Exercise input below:
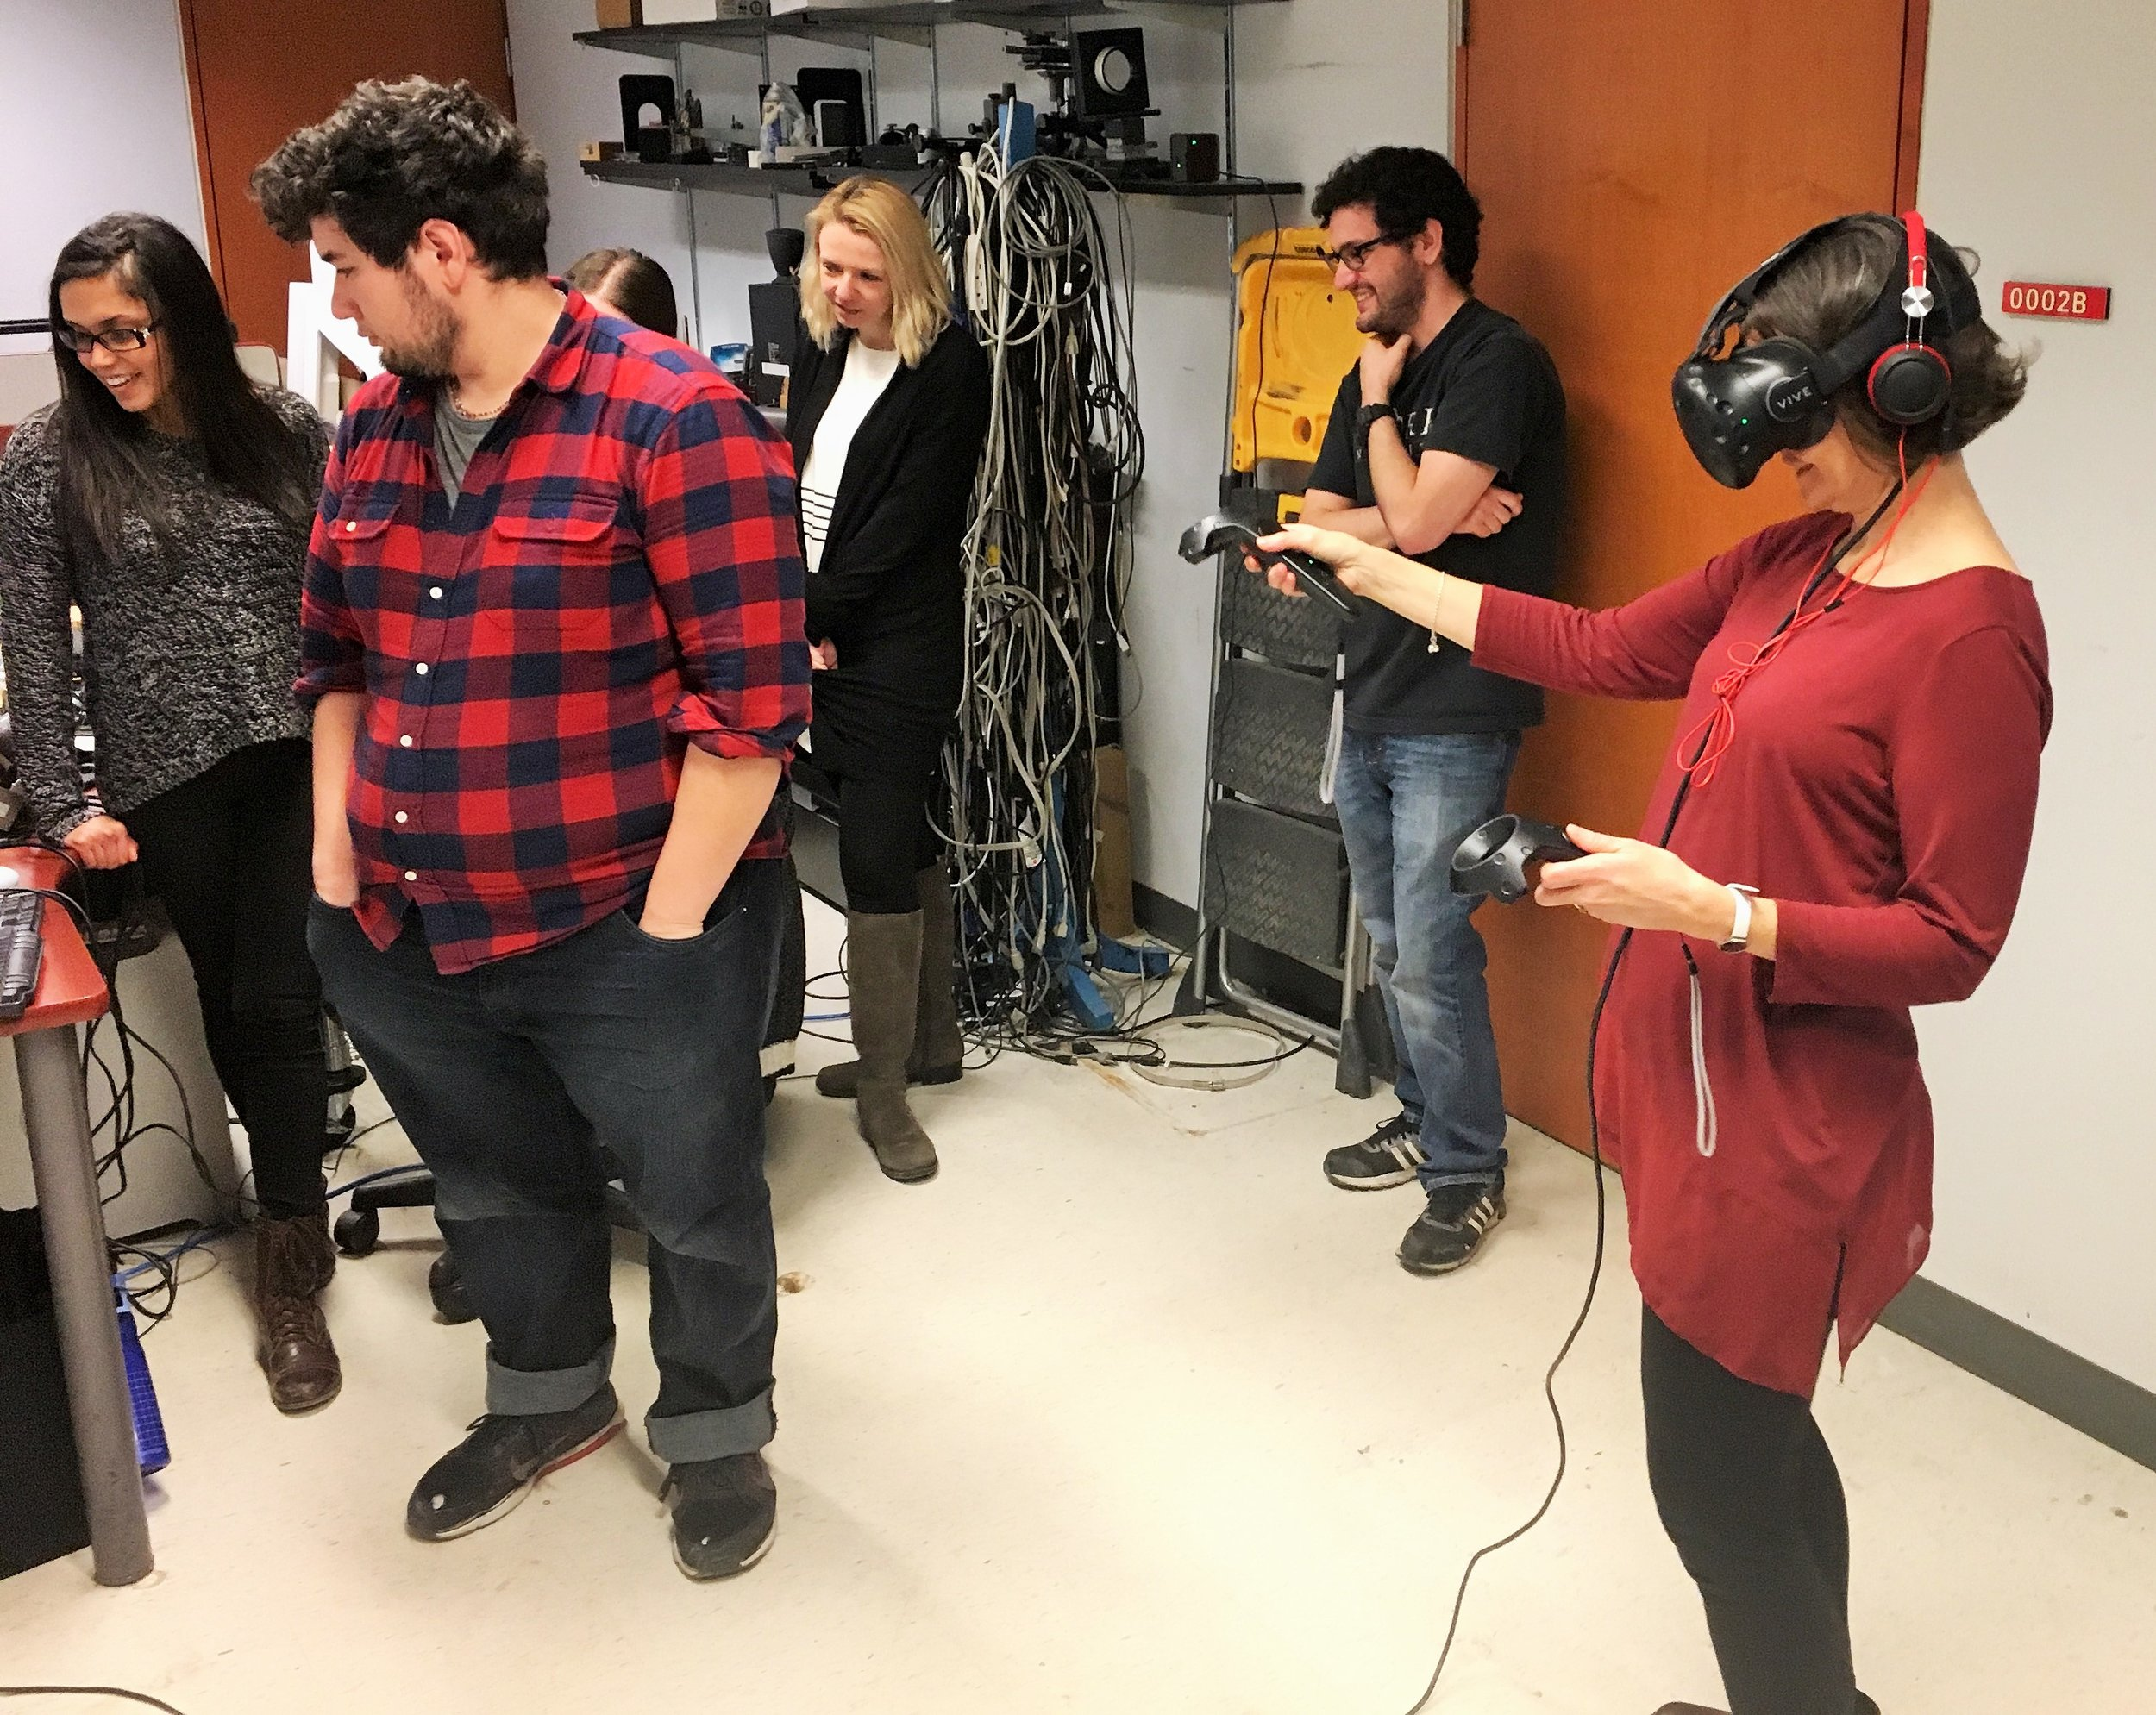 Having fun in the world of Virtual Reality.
End of Exercise input.
Exercise input below:
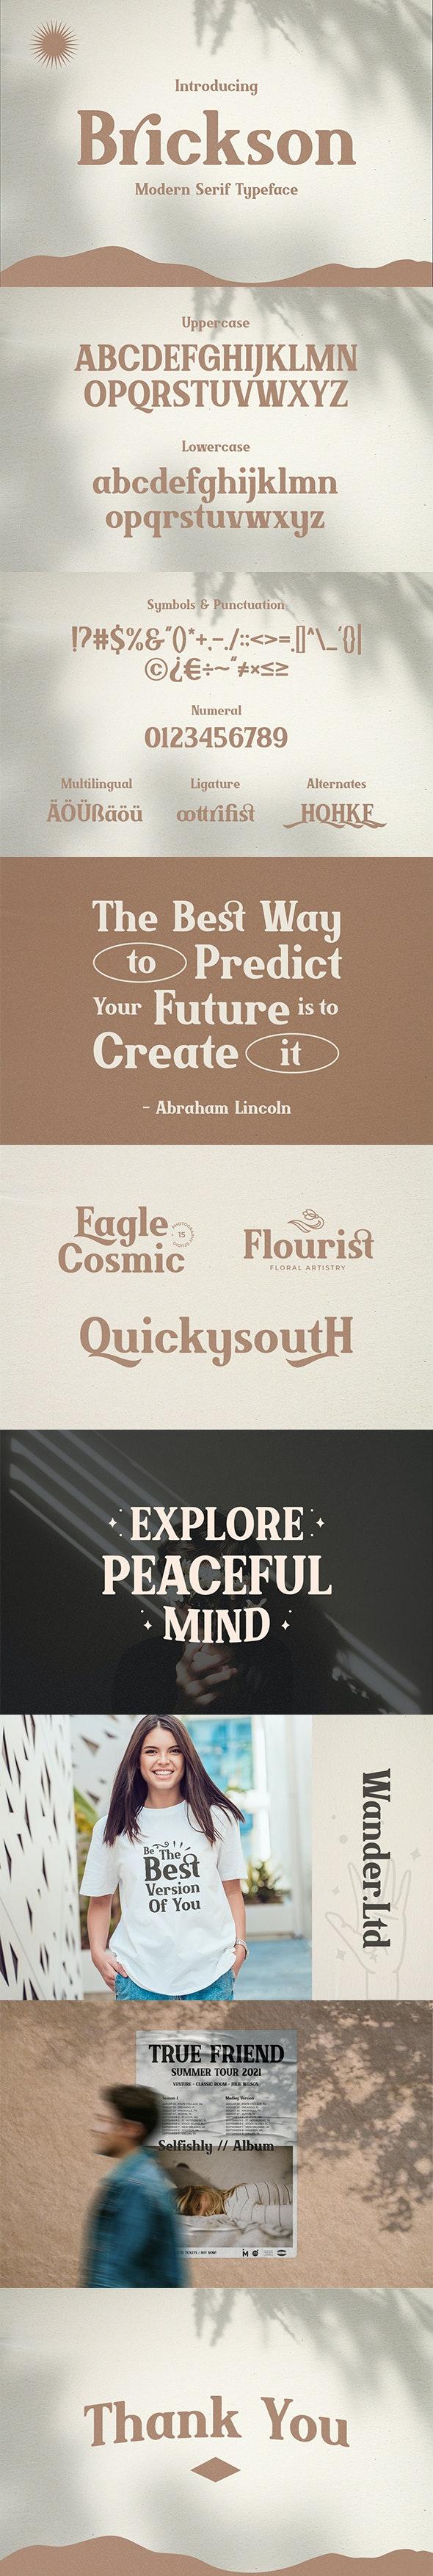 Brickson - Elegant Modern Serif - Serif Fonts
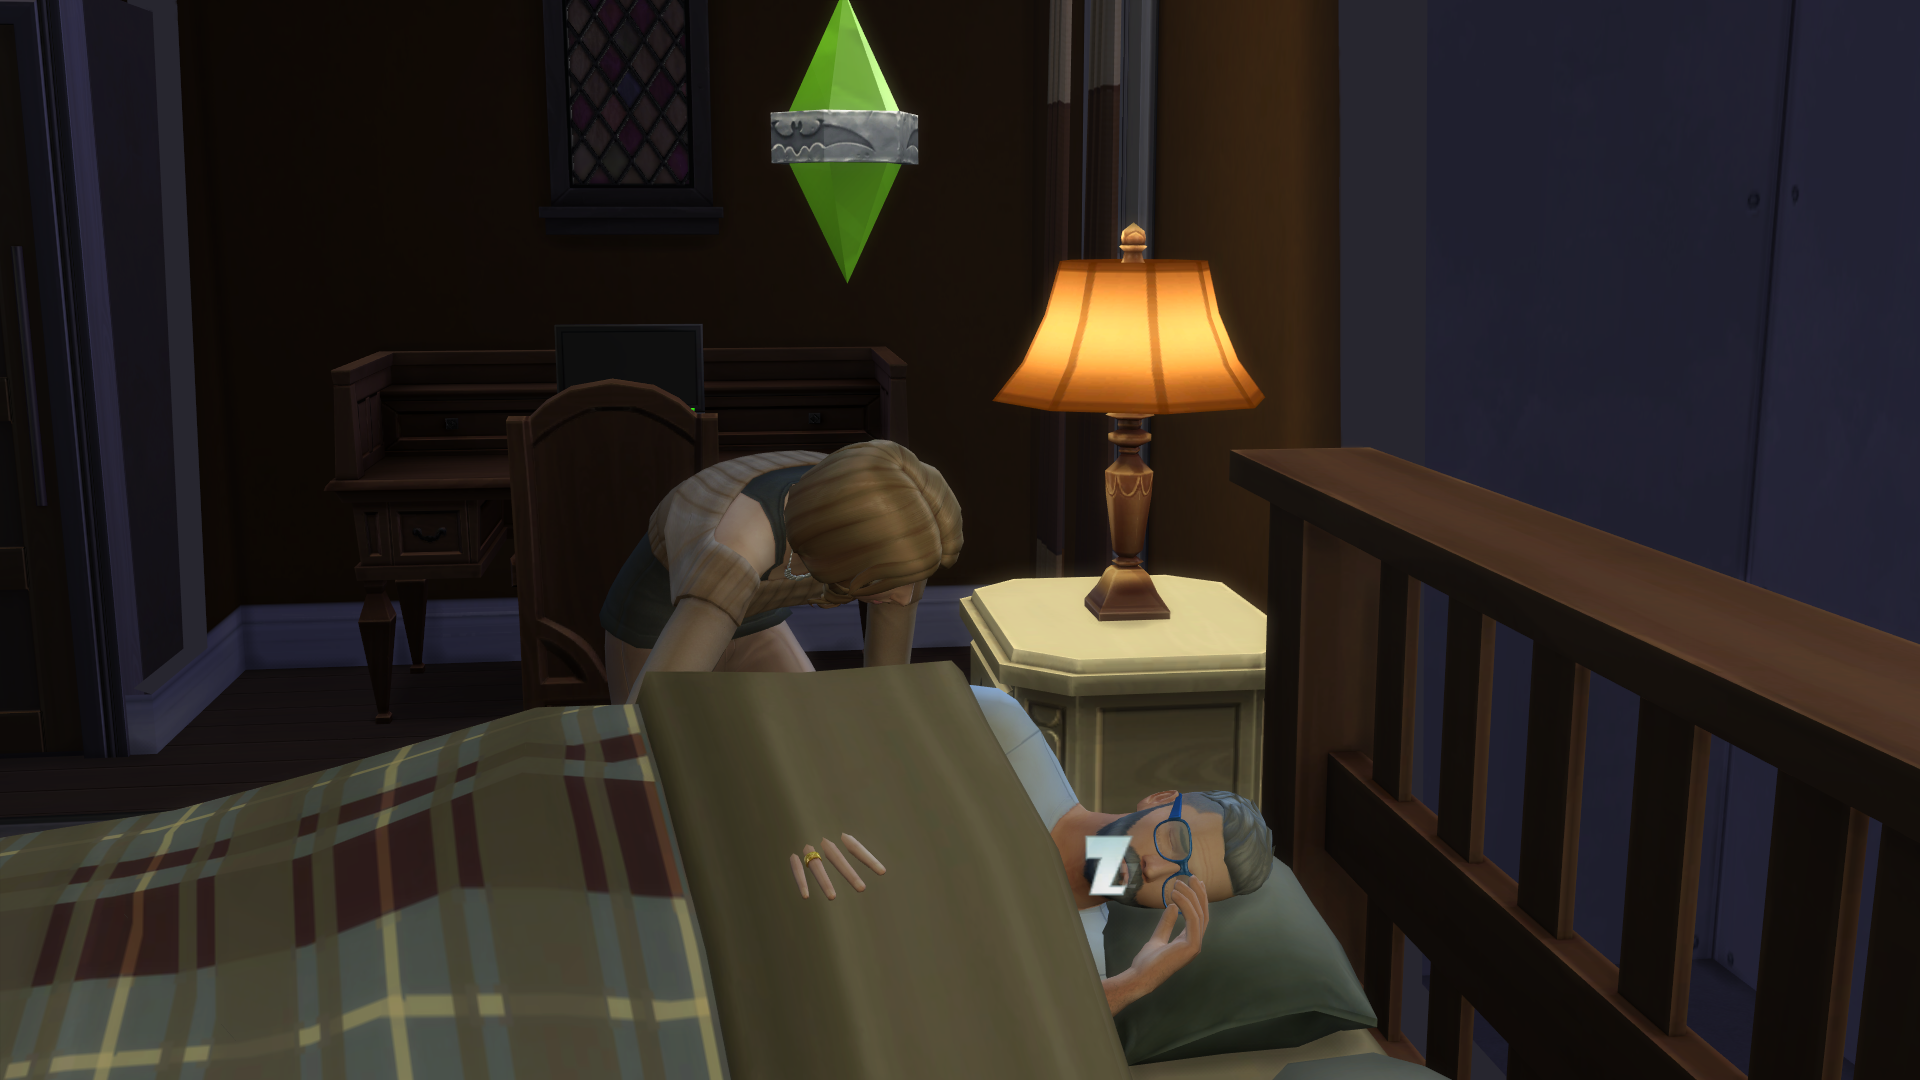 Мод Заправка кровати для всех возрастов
End of Exercise input.
Please print the lines above word for word, starting at the one with "Brickson - Elegant" and ending at the one with "Мод Заправка кровати для всех возрастов", both included, and without any picture.

 Brickson - Elegant Modern Serif - Serif Fonts
 Мод Заправка кровати для всех возрастов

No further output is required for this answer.